Monday, March 24, 2014

The elusive keyboarding unicorn...

Raise your hand if you've worked with/know a student with well documented fine motor issues and prescribed/asked for a key-boarding program for that student with all the home-row bells and whistles?

I have.

For years I've followed this protocol.

Sometimes I still will. But, if someone struggles with fine motor activities, does it make sense to ask this person to isolate individual fingers, utilizing all 10 in unison, with timing, precision, and speed, key-boarding from the home-row? Might that itself be a tremendous challenge? A very interesting, short, and understandable study by Niles-Campbell, Tam, Mays, and Skidmore in the Canadian Association of Occupational Therapists journal dared utter this phrase:
"Ten finger touch-typing is a gold standard that may not produce gold"
 ZOIKS!!! Heresy!

The authors of this study suggest that for many students developing competence and functionality with a hunt and peck method may be a best outcome. They also go on to state that the "[engagement] in meaningful keyboarding activities is the best way to learn keyboarding", which then suggests NOT keyboarding programs.

Whoa! Meaningful activities?! Darned Occupational Therapists! Perhaps laboring over a keyboarding program for lengthy periods everyday is not ideal.

I still ask students to participate for 10 minutes 3-5 days a week if they do not have a sense of key-location. It should be an iterative process. Starting with a goal for home-row keys, but carefully monitoring and changing those expectations as necessary. If a student can type with a hunt and peck method faster or with dramatically increased legibility over their hand-writing, this is functional, and may be the end goal.

In addition to a keyboarding program, students will best acquire skills engaged in keyboarding activities that have meaning such as tackling homework, chatting online with a friend, writing emails or stories. The more interactive and non-repetitive the task, the more "fun" it's likely to be.

I'd love to hear other's thoughts on this topic.

Happy Therapy!

Wednesday, March 12, 2014

AppleVis Exploring Apple's Work

I have always been impressed by both Microsoft and Apple's attention to how folks with Visual Impairments might access their operating systems. Both companies have historically offered tools embedded in their software, at no additional cost. Granted the quality has varied from year to year.  Often, because they are in the business of selling operating systems, and not accessibility equipment, finding information about these features is not as easy as one might like.

Recently, my brillant colleague and VI teacher, here in the schools sent me a link to AppleVis, showing "what's new and changed for blind and low vision users in i0S7.1. AppleVis is a community-based web site that is managed by a small number of volunteers. They are NOT Apple.

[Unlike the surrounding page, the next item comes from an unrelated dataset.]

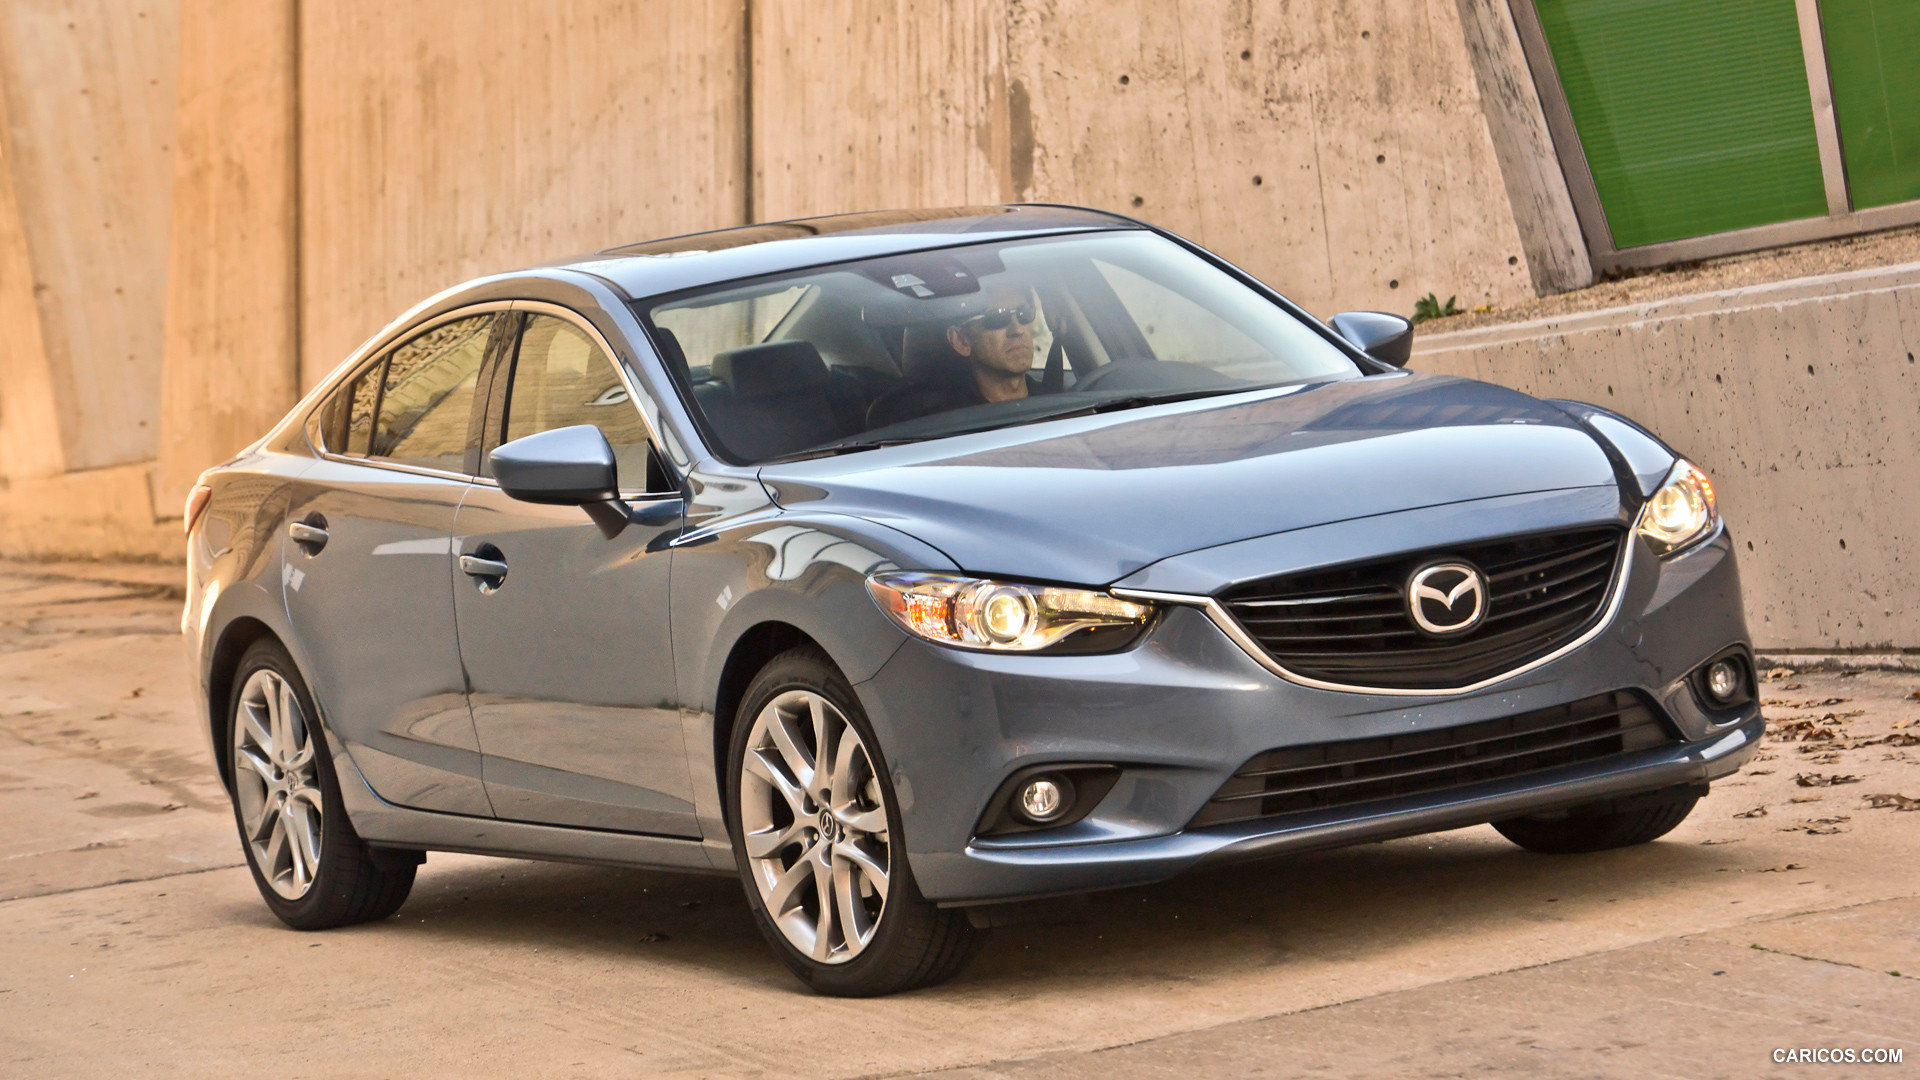 2014 Mazda6 GT - Front, #115 of 179

I was impressed by the work Apple continues to do, and frankly how big can the market share be for them? This is good work, with minimal financial gain. (okay, I will quit hero-worshipping Apple for a few minutes).

According to AppleVis, there are 6 new Accessibility features in i0S7.1, including 3 contrast settings rather than one, allowing users to choose an option that best supports their vision. One other feature is the ability to enable Bold Text for icons, text on i0S labels, keyboard, and the calculator. For the other four, visit their page, 'cause I don't want to steal all their thunder.

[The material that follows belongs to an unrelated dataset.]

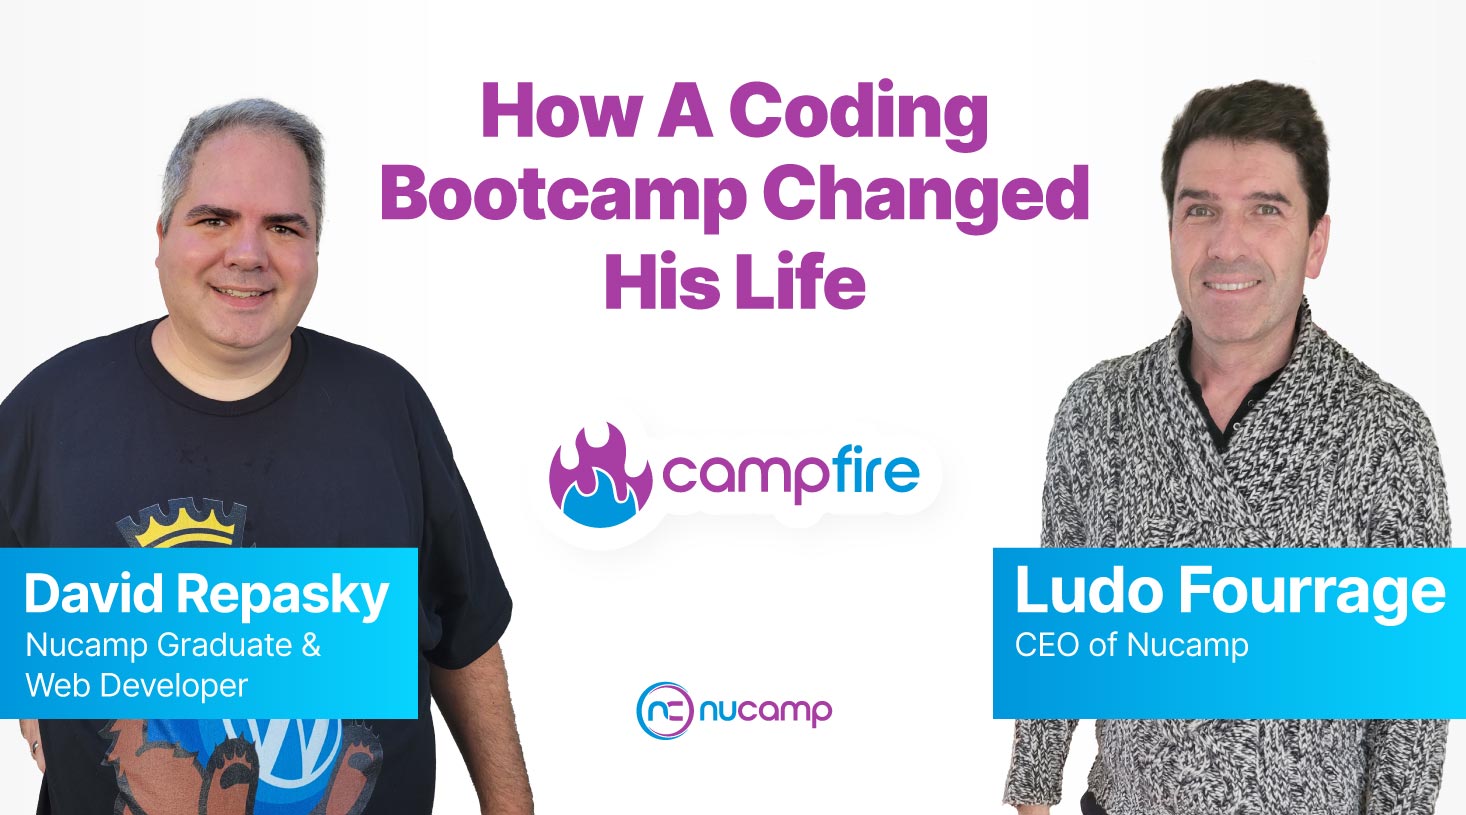 Coding bootcamp changes his life

The page also lists the 25 improvements that have been made to pre-existing features including significant changes to VoiceOver functions.

In addition, the site offers up 13 bugs still found in the system. Love that they are willing to share the successes, as well as what still needs to be worked on.  It's comforting to find that an issue your having is not just yours alone.

Finally, I found the comments from other readers to be very edifying, and as useful as the official info. There are some smart users out there!

Intrigued by the wealth of info, I wanted to look a bit closer at who AppleVis is. This is pulled from their site:
A community-powered website for blind and low-vision users of Apple's range of Mac computers, the iPhone, iPad and iPod Touch.
AppleVis is a rich resource that strives to empower the community by offering multiple pathways to access and share relevant and useful information. As a community, we seek to encourage and support people in exploring the many ways in which these mainstream products and related applications can offer opportunities to the vision-impaired for personal enrichment, independence and empowerment.
AppleVis also offers resources and mechanisms for raising awareness of the accessibility of Apple products and related applications, and for promoting further advancement in accessibility.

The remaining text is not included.